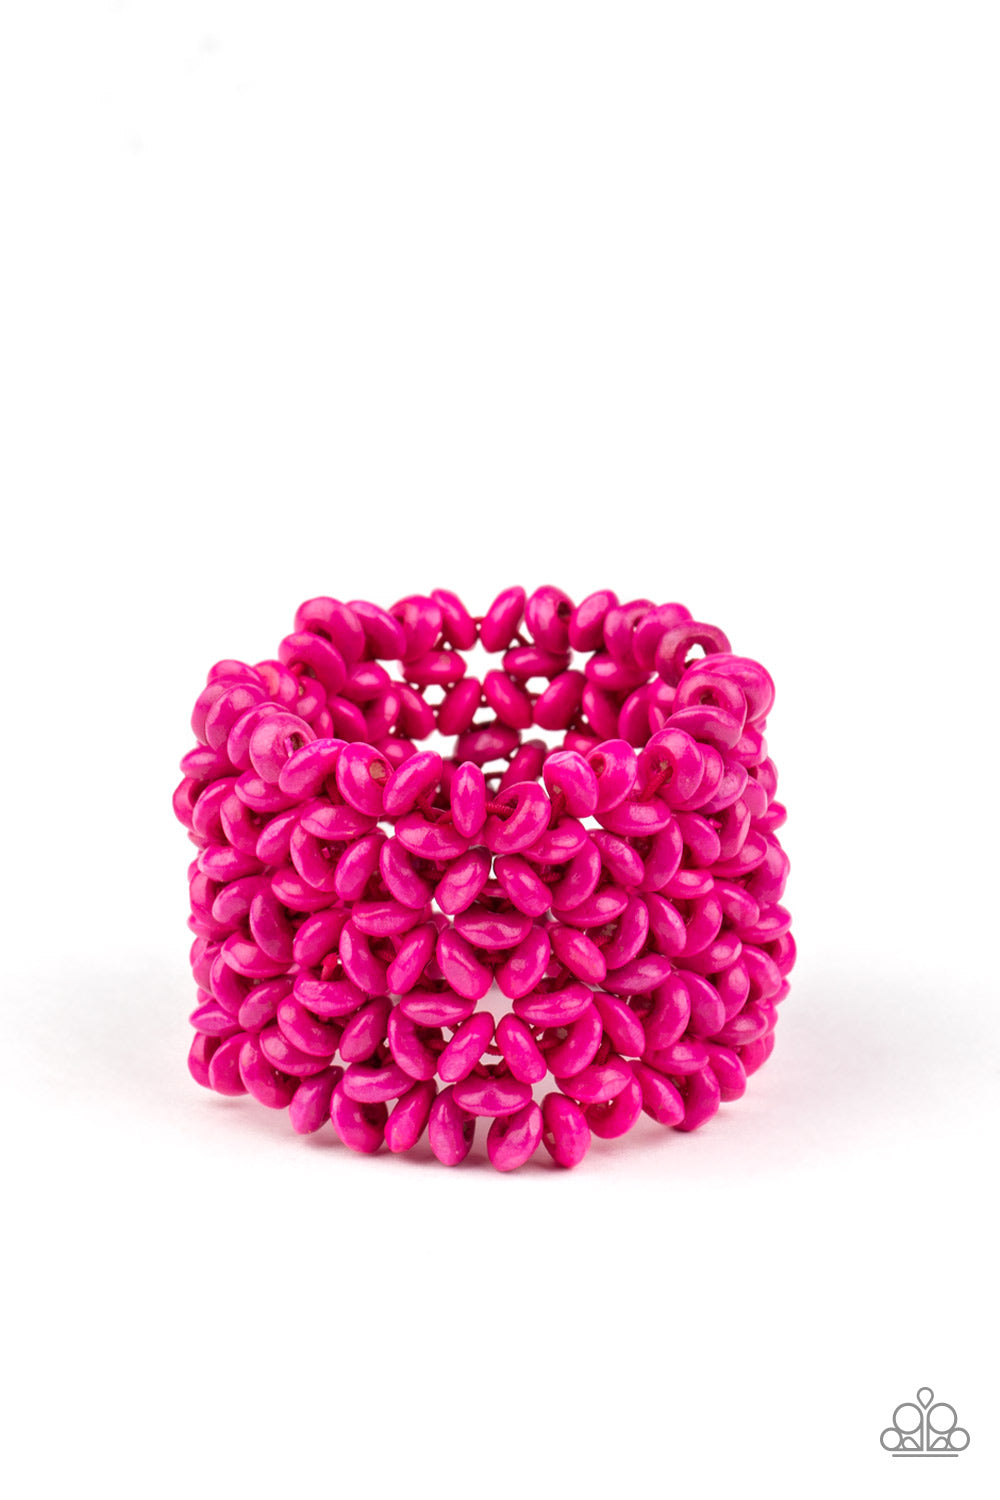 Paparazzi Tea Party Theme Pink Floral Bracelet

═══

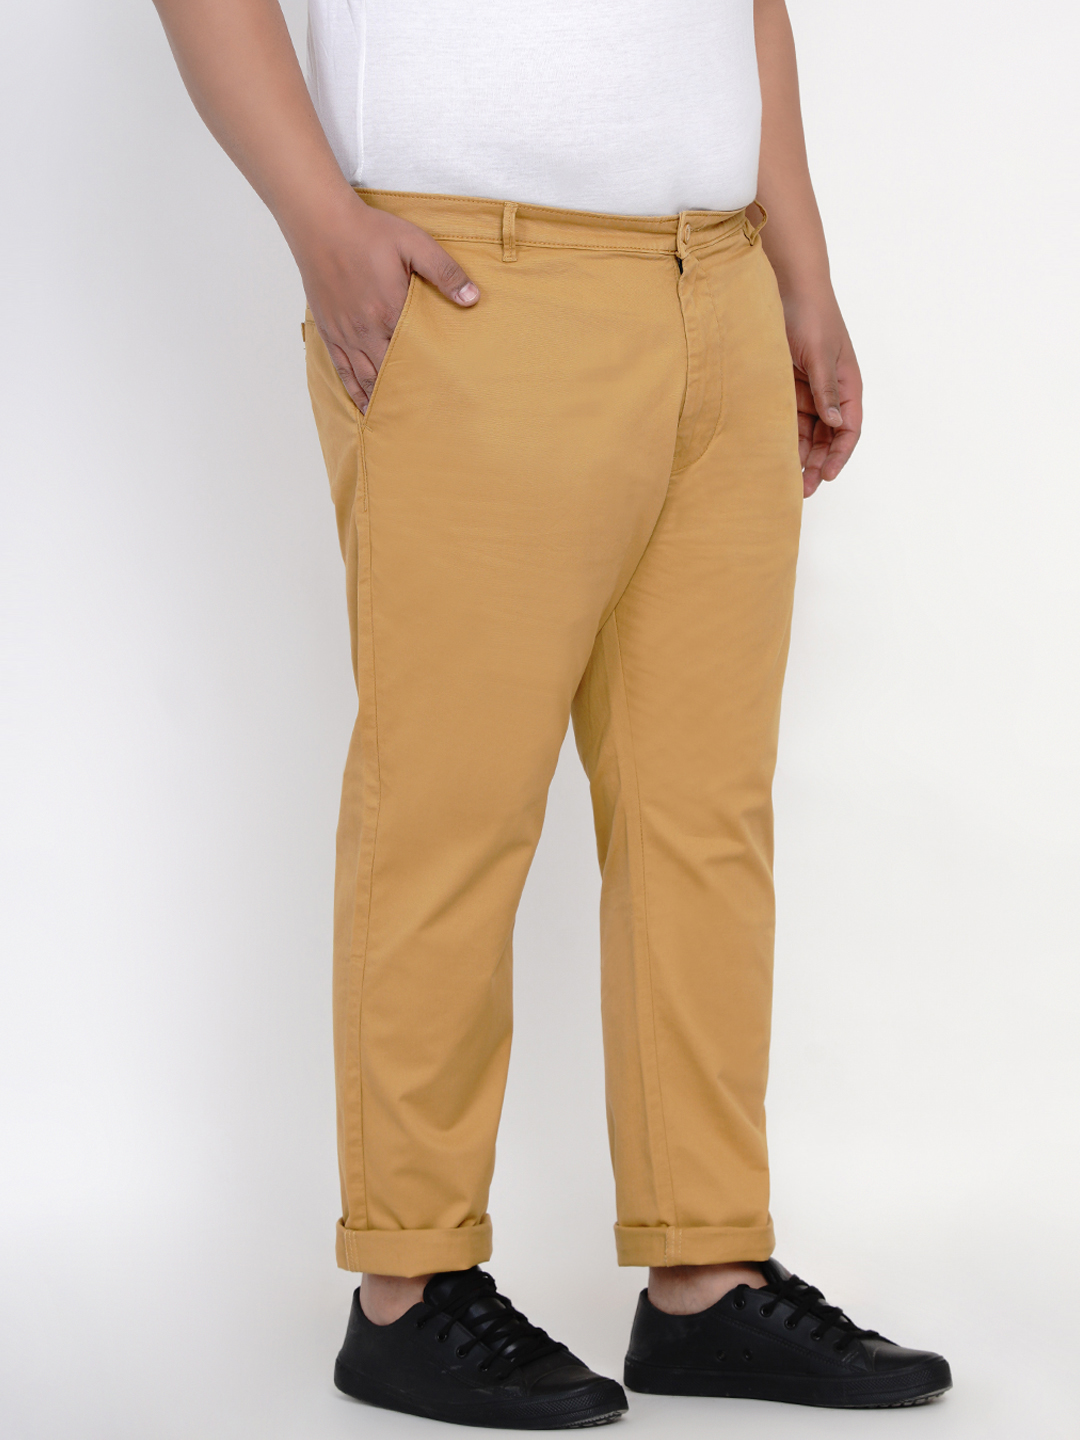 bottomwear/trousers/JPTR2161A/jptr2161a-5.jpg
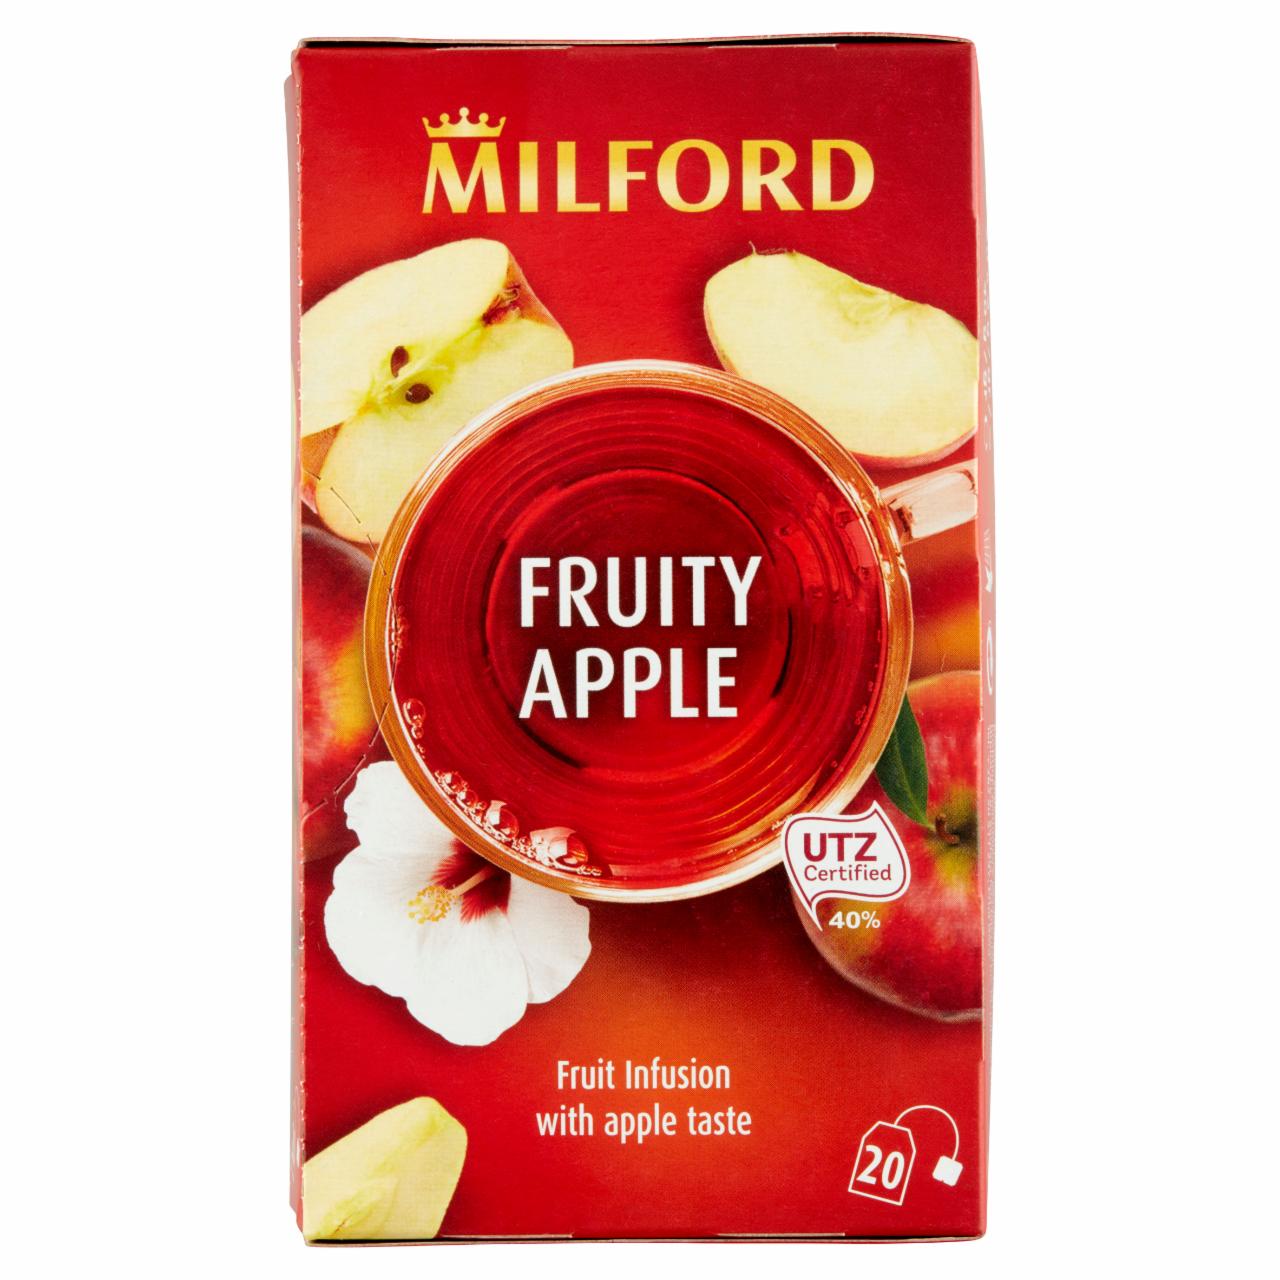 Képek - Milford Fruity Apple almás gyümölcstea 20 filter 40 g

═══

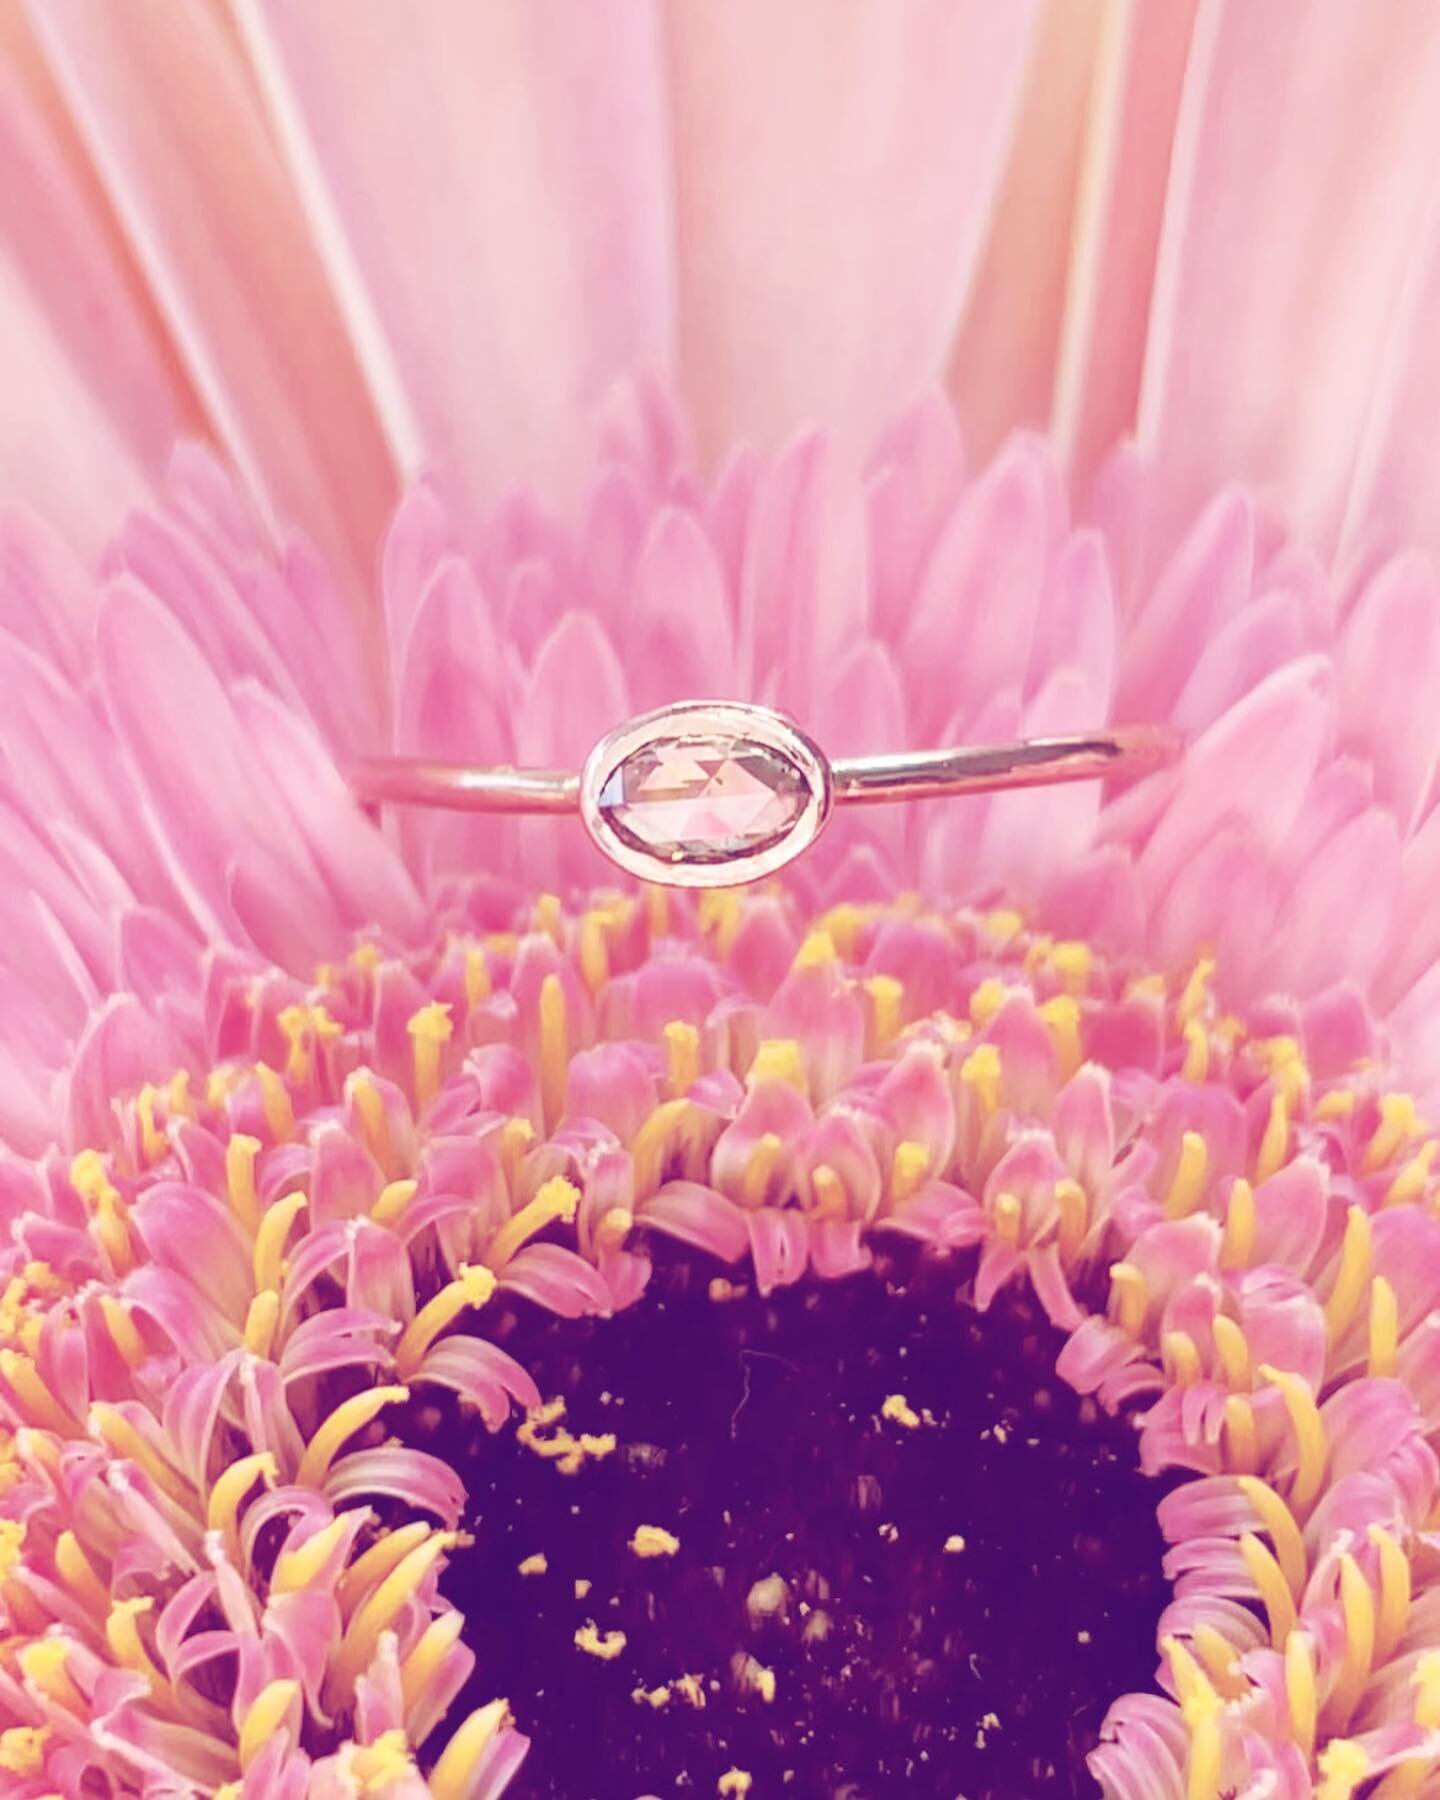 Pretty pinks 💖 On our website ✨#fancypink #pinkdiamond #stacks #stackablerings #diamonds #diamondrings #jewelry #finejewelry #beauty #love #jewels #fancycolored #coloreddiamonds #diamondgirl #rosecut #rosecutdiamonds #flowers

═══

| Exercise |
Every line above between the one containing "bottomwear/trousers/JPTR2161A/jptr2161a-5.jpg" and the one containing "Képek - Milford", those two included, is to be printed exactly. No pictures go into the copy.

| Result below |
 bottomwear/trousers/JPTR2161A/jptr2161a-5.jpg
 Képek - Milford Fruity Apple almás gyümölcstea 20 filter 40 g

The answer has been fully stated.